Terrorists must never ground us
Thursday, June 1, 2006
By Virginia Buckingham
Boston Herald Columnist
My house lies almost directly under the southwest approach for planes
landing at Logan Airport. So, I have the daily pleasure of first hearing,
then seeing, one of man's most astonishing accomplishments: the lifting to
the sky of ordinary human beings by flying mechanical giants.

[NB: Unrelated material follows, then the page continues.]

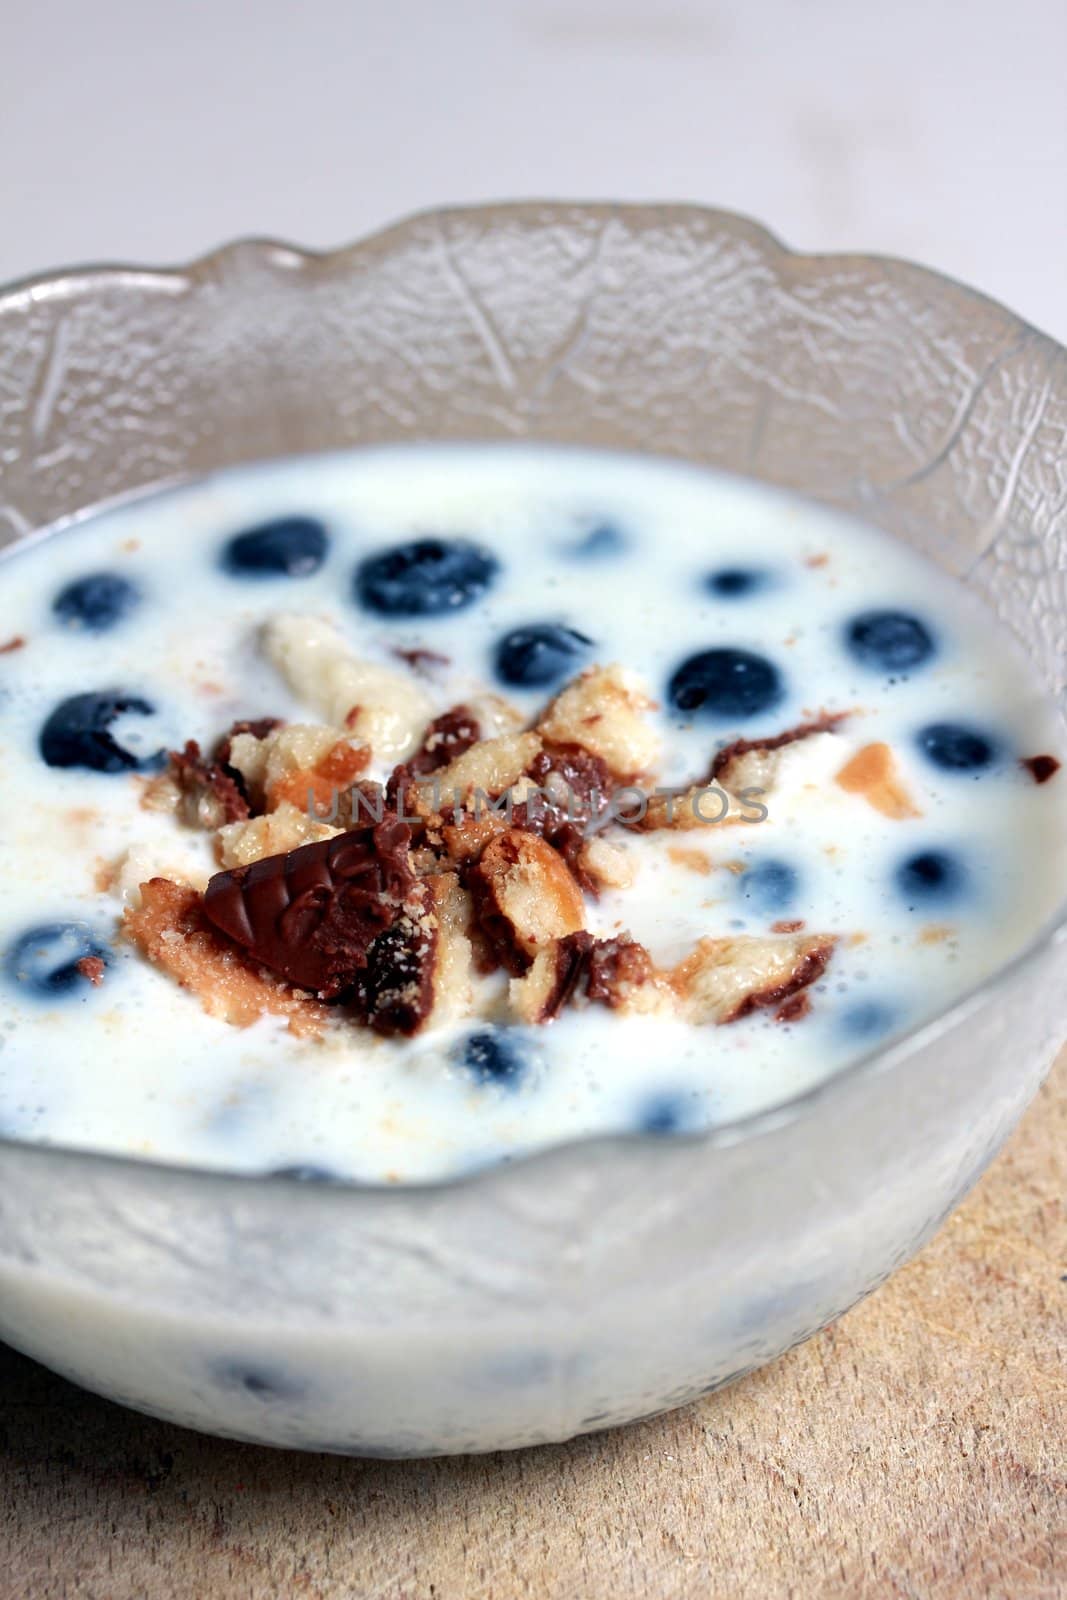 blueberries and milk dessert

On busy arrival nights, I can be lulled to sleep by the sonorous roar of
aircraft engines. Often, I see planes in my dreams, too - ordinary, everyday
flights crossing a bright blue sky. I wake up, usually, just as those
imagined flights end in fire and smoke or, sometimes, debris spread over the
water.
We all remember when that horror was not just a bad dream. And there are
some who carry the memories a bit closer - the families of 9/11 victims,
certainly, and workers and witnesses at Ground Zero, but also the thousands
upon thousands of airline and airport employees who lost colleagues and
friends and not a small bit of innocence one ordinary workday in the fall of
2001.
The remarkable yet rarely remarked upon thing is that beginning on Sept
13, 2001 and every day since, those same men and women have kept America
flying - swallowing whatever fears they may have, dealing with the financial
strain of an industry turned upside down, and, not least, mourning the end
of the romance of flight which drew many to their aviation careers in the
first place.
Do you ever wonder why they still fly?
One man did. Tom Murphy had worked with aviation employees for years as
the head of the Washington State-based Service Institute. For five years, he
ran a customer service training program at Logan, nurturing in gate agents
and taxi drivers alike the ideal of serving others as airport "ambassadors."

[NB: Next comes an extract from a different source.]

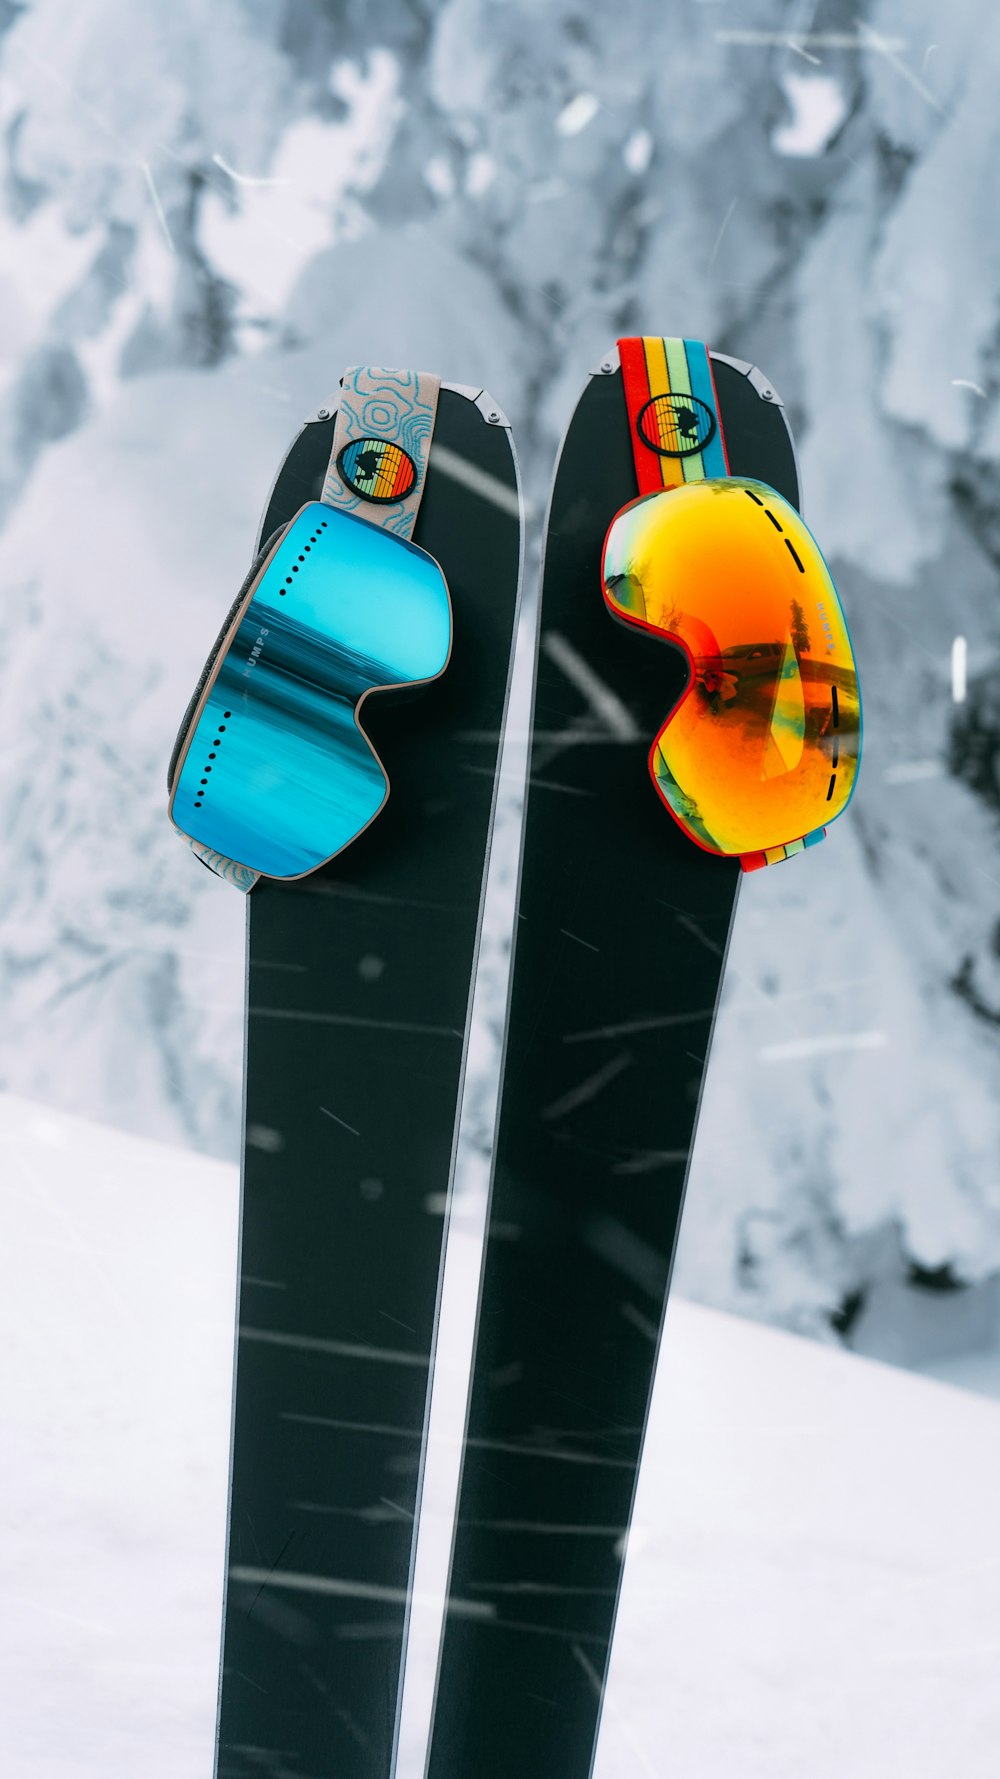 Tabla de snowboard roja y amarilla en suelo nevado

On the morning of 9/11, two Logan-based United Airlines employees he had
trained, Marianne MacFarlane and Jesus Sanchez, had the choice of four
flights to join other colleagues for a few days off in Las Vegas. They were
seated in the first row of United 175 as it pushed back from the gate at
7:58 a.m. In all, some 20 Boston-based crew members were lost on that flight
and American Flight 11.
Murphy's search to find a common theme in what continued to motivate
America's aviation work force turned into a book, due to be released this
fall, called "Reclaiming the Sky: 9/11 and the Untold Story of the Men and
Women Who Kept America Flying." Out of the book grew a Web site
(www.reclaimingthesky.com) and a mission: to help aviation employees find
peer support to recover from the trauma of 9/11.
A message board was recently added to the site and its initial postings
are poignant: "Blue sky. That's all I want as we approach the fifth
anniversary, is to have my love for blue sky back. Rather than let that one
day color them all, I want to take that one day as an aberration and focus
on the beauty of blue skies again," wrote one aviation employee.
Another posting seeks to keep other aviation employees from being
unpleasantly surprised by a movie trailer preceding screenings of "The Da
Vinci Code," depicting the twin towers burning in a scene from an upcoming
Oliver Stone 9/11 feature film.
Debbie Roland, a Washington, D.C.-based American Airlines flight
attendant, points out that while 9/11 "isn't on everyone's plates every
day," it is front and center for aviation employees. She expects the coming
fifth anniversary and Hollywood's new focus on the attacks to bring emotions
to the surface. People say "just move on, but you can't do that if you're
directly involved," Roland said. "You can't get over it but you can move
forward."
The "reclaiming the sky" Web site and message center will be introduced
to Logan's airline station managers June 27.
"We're not going to let them take our sky away," Roland said.